◆ Task prompt: Your job is to return the whole listing unchanged while skipping its images.

◆ Supplied material:

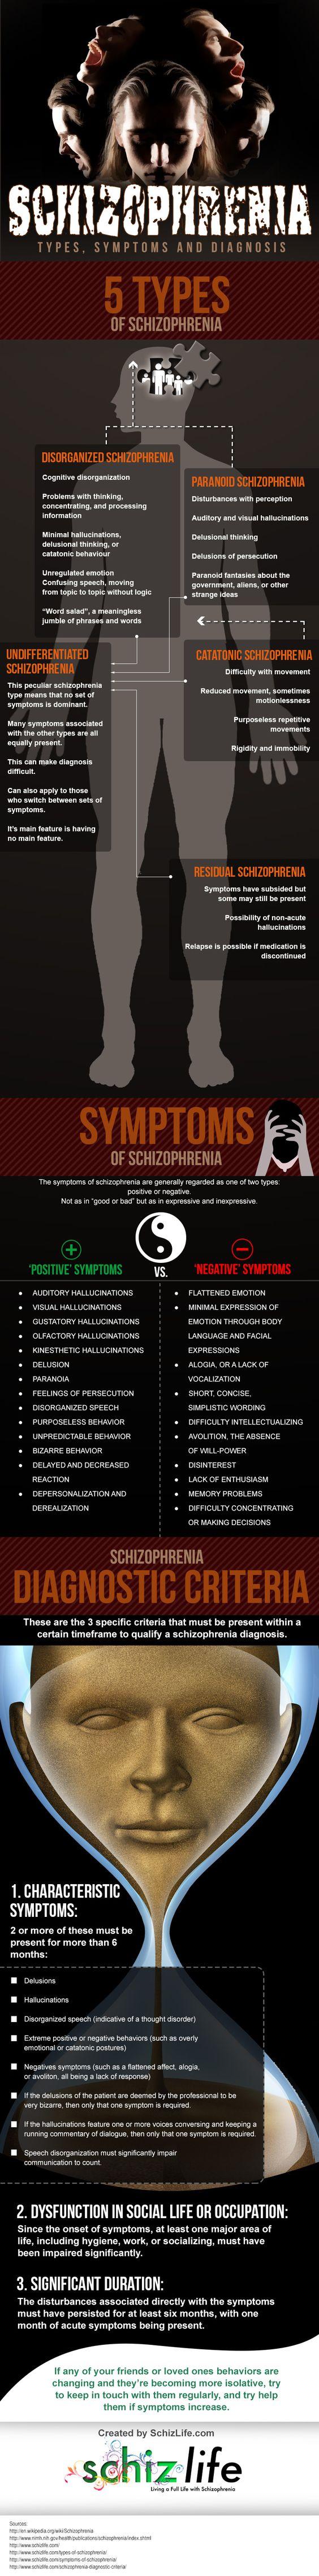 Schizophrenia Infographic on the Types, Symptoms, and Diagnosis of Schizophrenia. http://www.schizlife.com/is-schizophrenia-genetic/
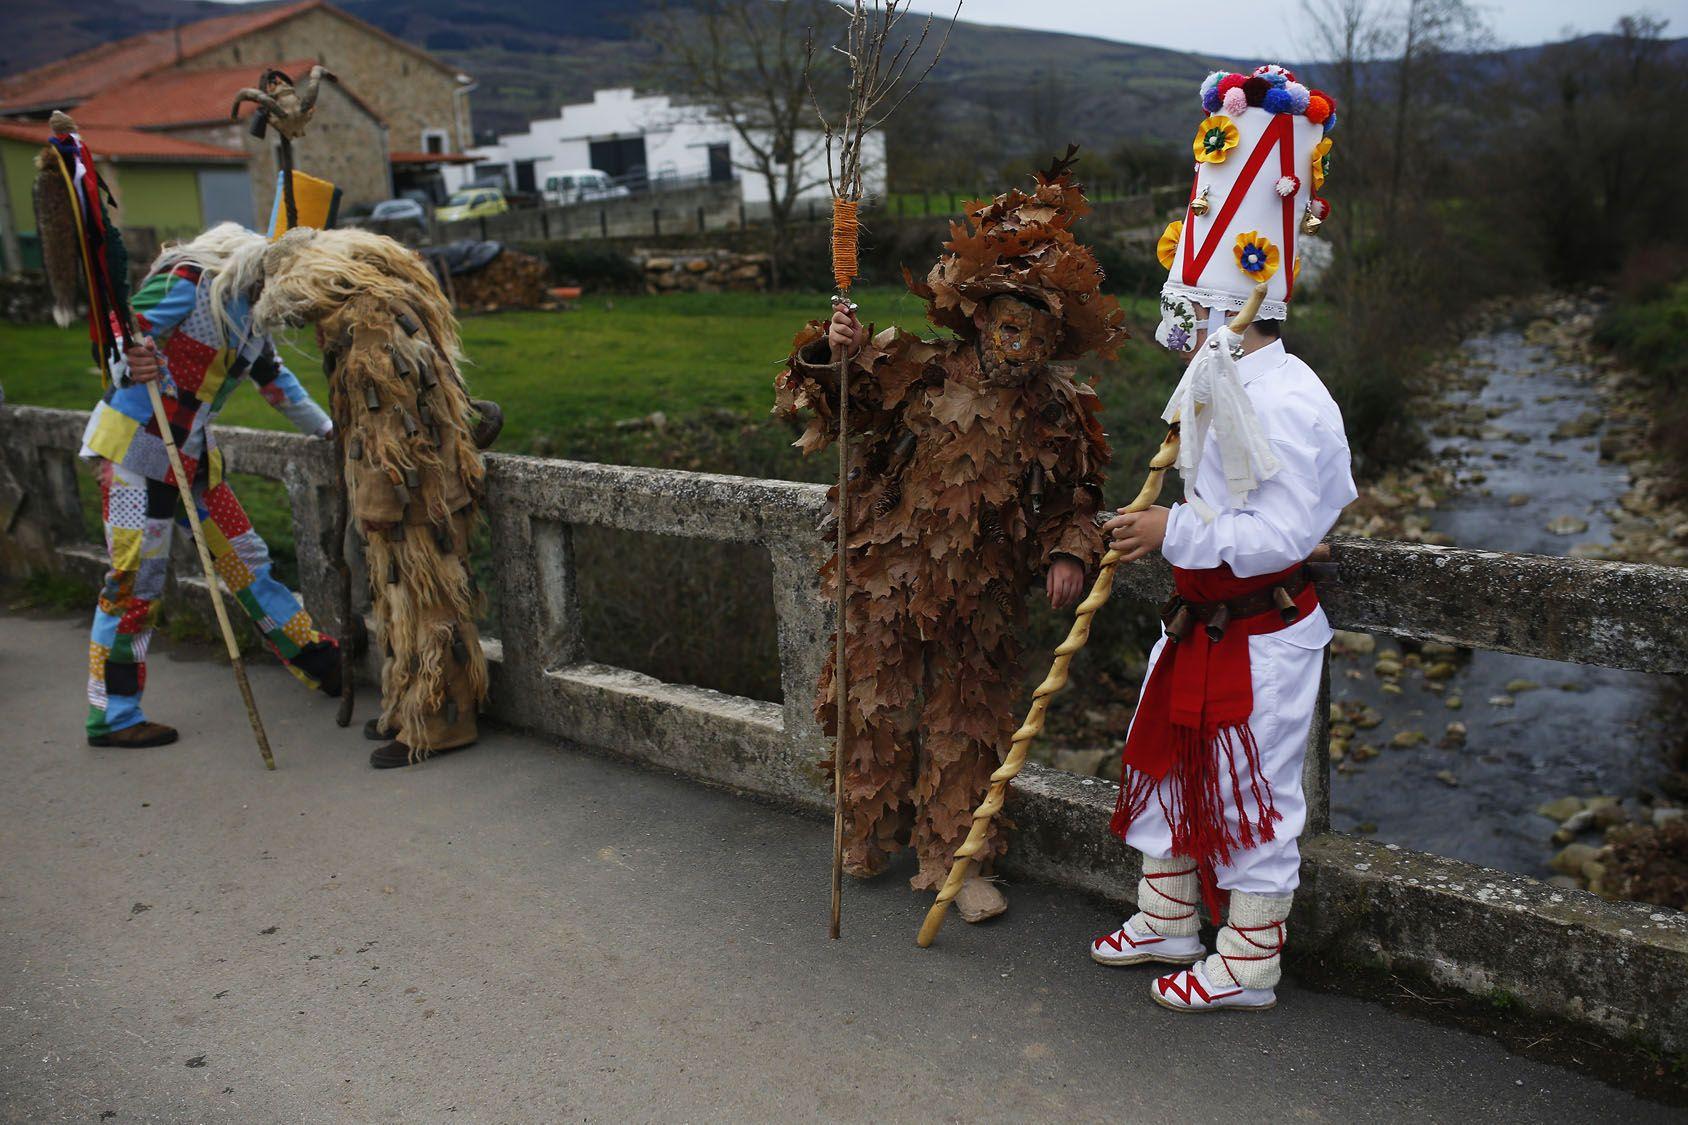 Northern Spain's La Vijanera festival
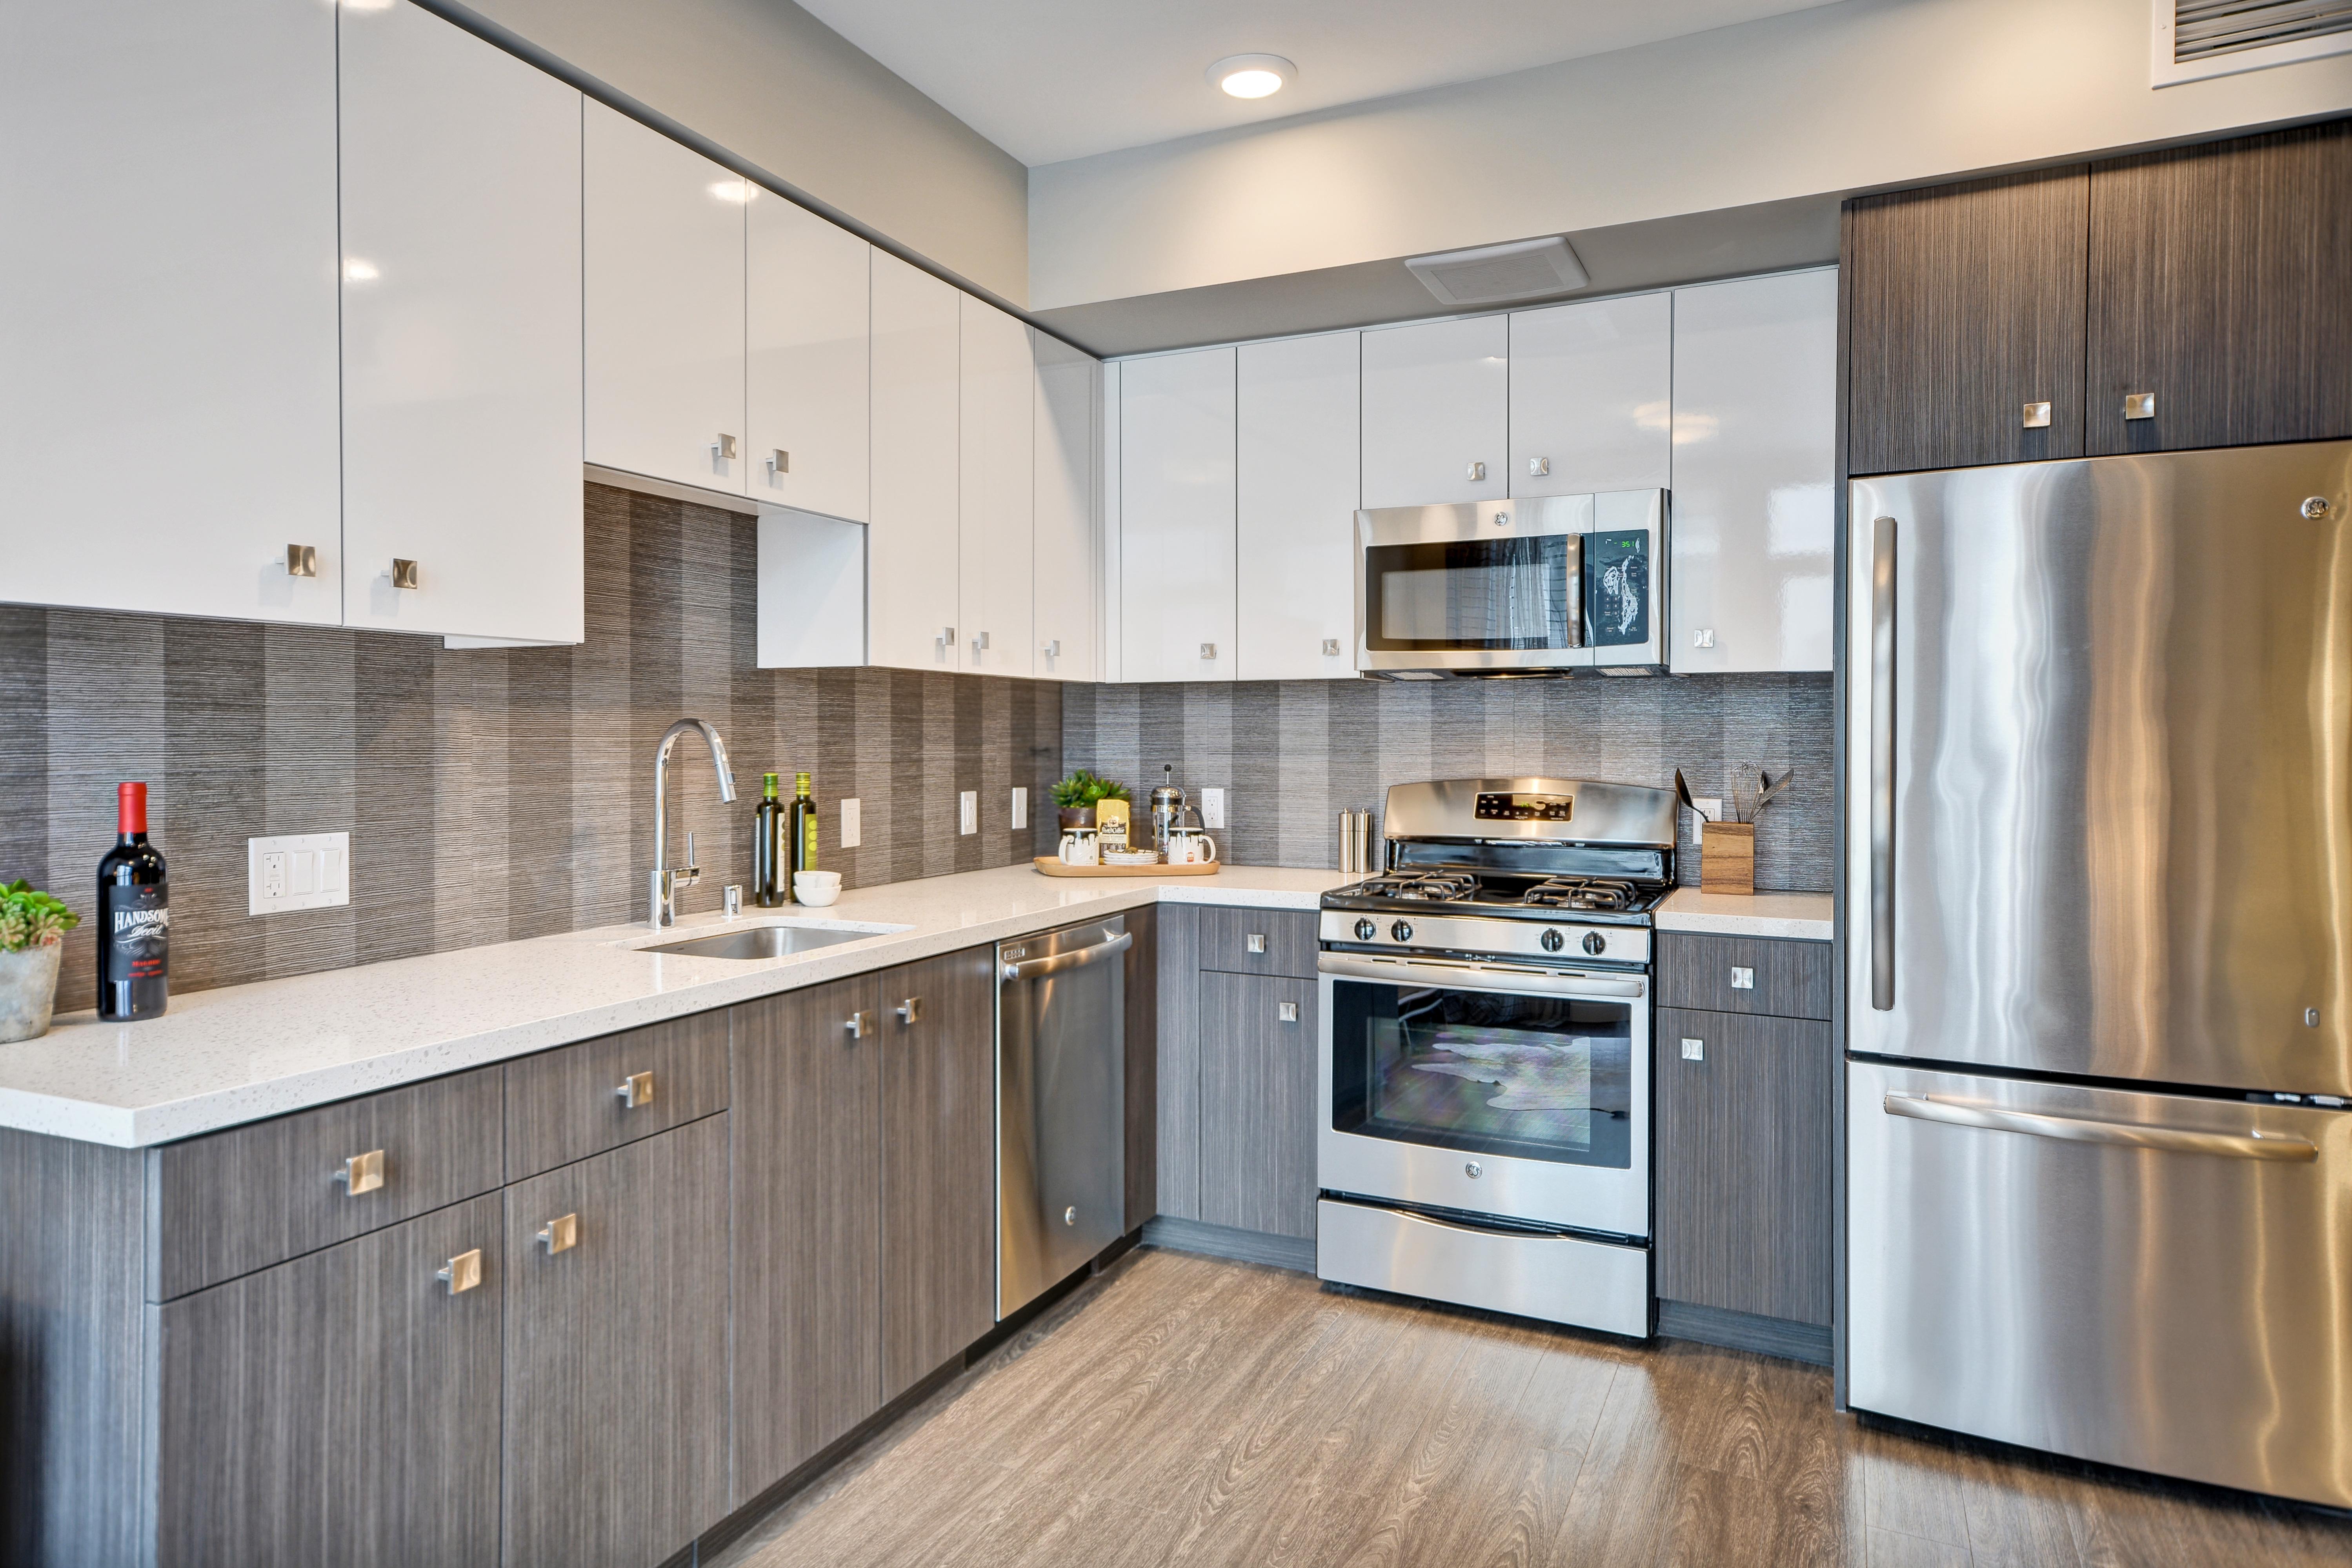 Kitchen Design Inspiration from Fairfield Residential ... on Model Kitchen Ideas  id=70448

◆ Written reply:
 Schizophrenia Infographic on the Types, Symptoms, and Diagnosis of Schizophrenia. http://www.schizlife.com/is-schizophrenia-genetic/
 Northern Spain's La Vijanera festival
 Kitchen Design Inspiration from Fairfield Residential ... on Model Kitchen Ideas  id=70448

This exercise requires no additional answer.